Next, the state change detector 323 calculates the sizes of difference regions that are respectively included in the difference visible image and the difference infrared image (Step 602). The size of a difference region may be a length of the difference region in an image in a horizontal or vertical direction, or may be an area of the difference region.
When a visible image 711 and an infrared image 712 are extracted from the visible video 331 and the infrared video 332, respectively, a difference visible image 721 is generated from the visible image 711 and the key visible image 701, and a difference infrared image 722 is generated from the infrared image 712 and the key infrared image 702. The arm 403 of the customer appears in both the visible image 711 and the infrared image 712, and both a difference region 741 in the difference visible image 721 and a difference region 742 in the difference infrared image 722 correspond to a region of the arm 403.
In Step 602, the state change detector 323 may only extract, as a difference region, a flesh-colored portion from a region that represents a difference in a difference visible image. This permits a more accurate extraction of the region of the arm 403.
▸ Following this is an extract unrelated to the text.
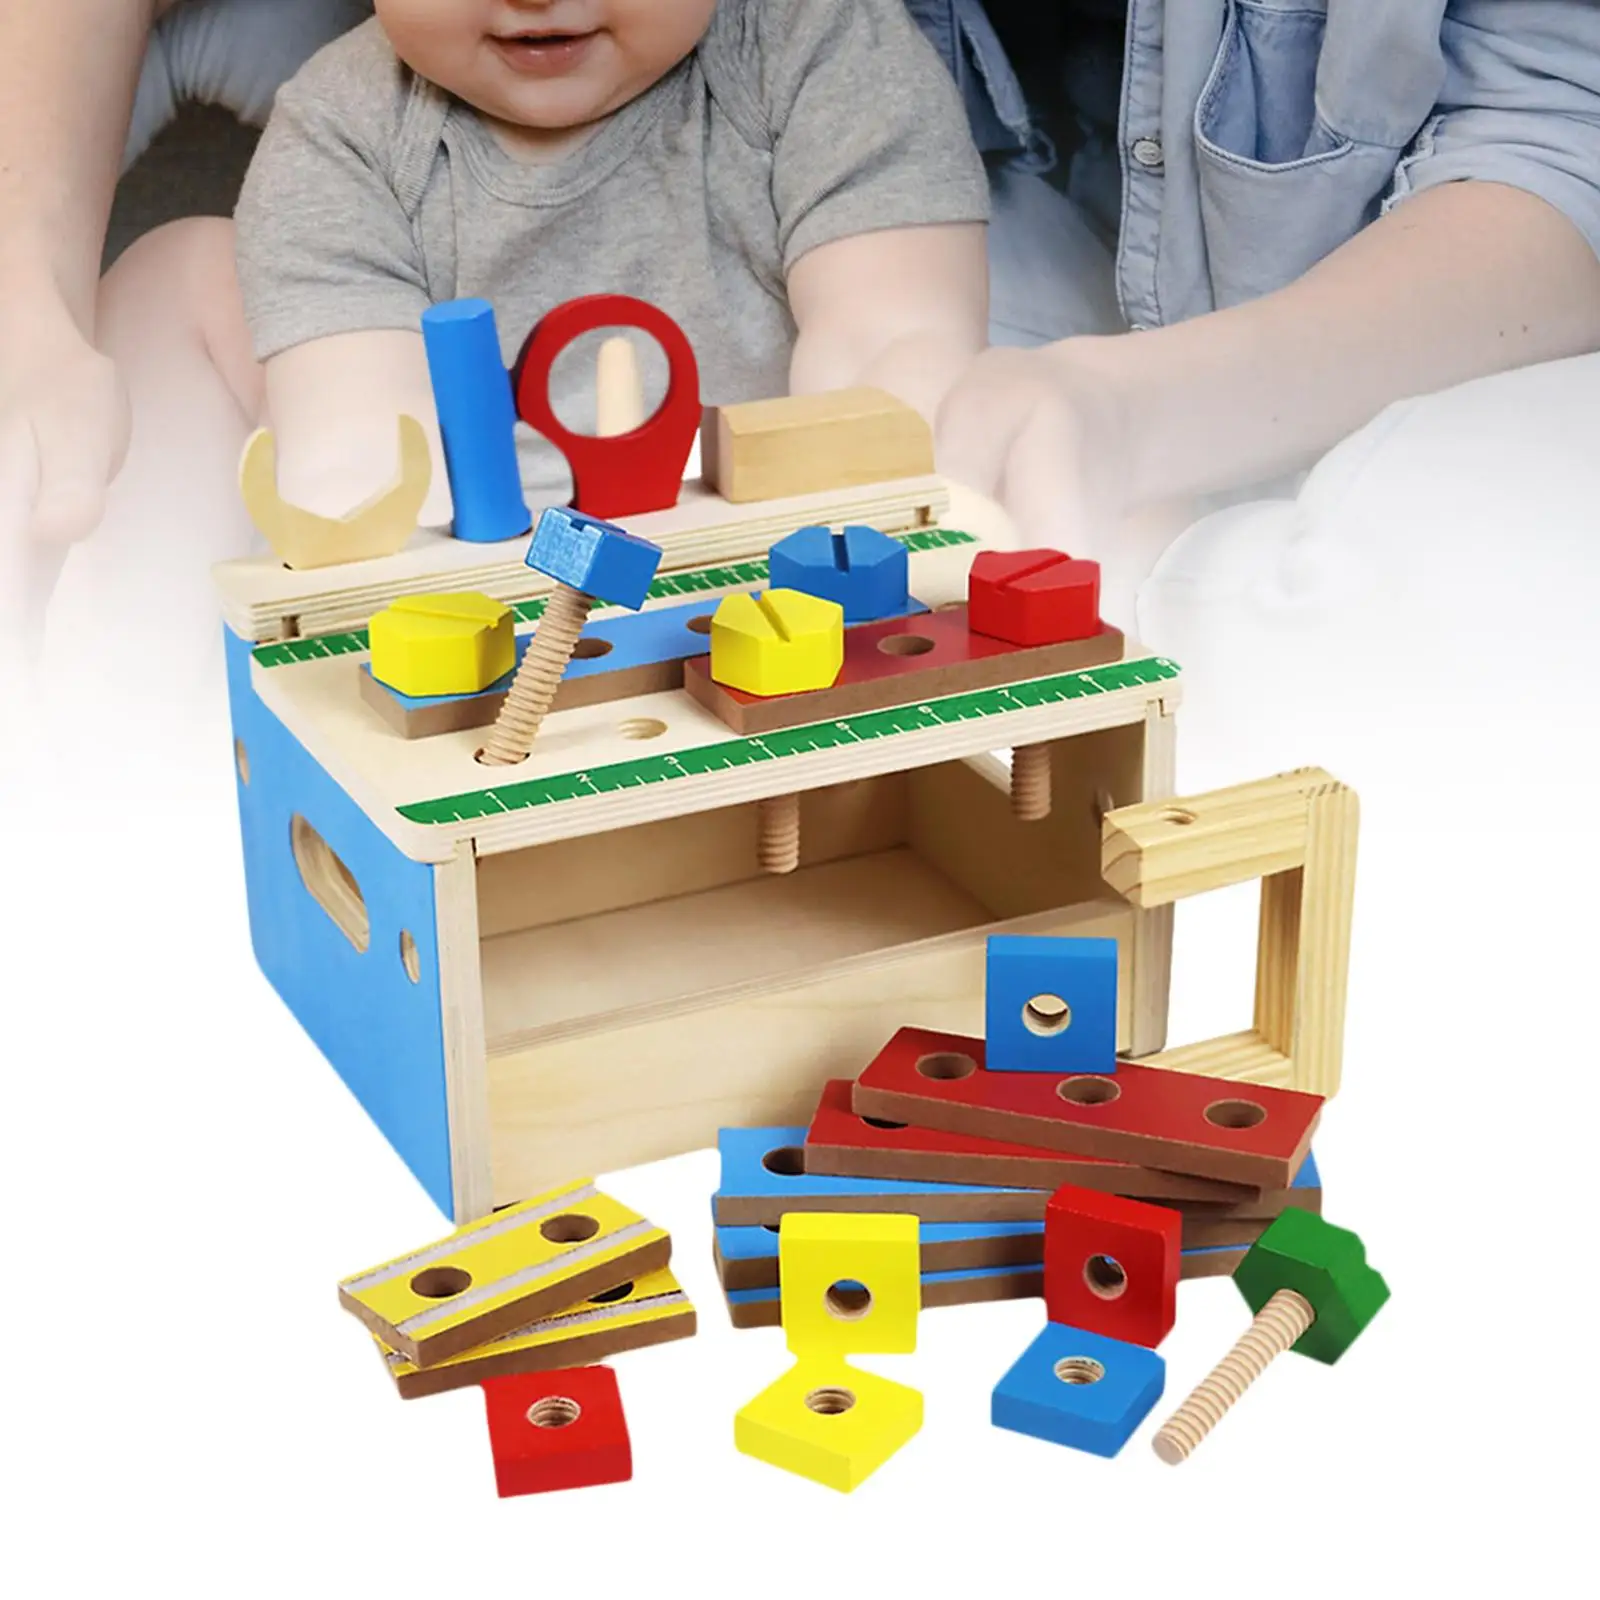 Tool Kit Learning Educational Toy Wooden Construction Toy for Kids

Next, the state change detector 323 compares the size of each difference region with a threshold TH1 (Step 603). When both of the sizes of difference regions in a difference visible image and a difference infrared image are greater than the threshold TH1 (Step 603, YES), the state change detector 323 determines that a state has changed. On the other hand, if at least one of the sizes of the difference regions in the difference visible image and the difference infrared image is not greater than the threshold TH1 (Step 603, NO), the state change detector 323 determines that a state has not changed.
TH1 is a threshold used to determine whether the object 122 has appeared in a visible image or an infrared image. For example, when the size of a difference region represents an area, the value equivalent to or more than 10% of the area of an entire image can be used as TH1.
When a state has not changed (Step 603, NO), the state change detector 323 checks whether it has extracted a visible image and an infrared image at a last time from the visible video 331 and the infrared video 332, respectively (Step 610). When it has still not extracted the visible image and the infrared image at the last time (Step 610, NO), the state change detector 323 repeats the processes of and after Step 601 with respect to a visible image and an infrared image at a next time.
On the other hand, when a state has changed (Step 603, YES), the feature amount calculator 324 calculates a feature amount of each difference region (Step 604). For example, a coordinate that represents a representative position such as a center of gravity of a difference region can be used as a feature amount of the difference region. When an image has an X-axis in its horizontal direction and a Y-axis in its vertical direction, the X-coordinate of a center of gravity is an average of X-coordinates of all pixels in a difference region, and the Y-coordinate of the center of gravity is an average of Y-coordinates of all of the pixels in the difference region.
Next, the similarity determination unit 325 calculates a similarity between a temporal change in the feature amount in the visible video 331 and a temporal change in the feature amount in the infrared video 332 (Step 605).
Thus, when changes in state have been detected from a visible image and an infrared image at a time t, the similarity determination unit 325 compares a temporal change in the feature amount in the visible video 331 with a temporal change in the feature amount in the infrared video 332 in an interval from a prescribed time t0 to the time t. This permits an estimation of whether a difference region in a difference visible image and a difference region in a difference infrared image represent the same object. The prescribed time t0 may be a first time in the visible video 331 and in the infrared video 332.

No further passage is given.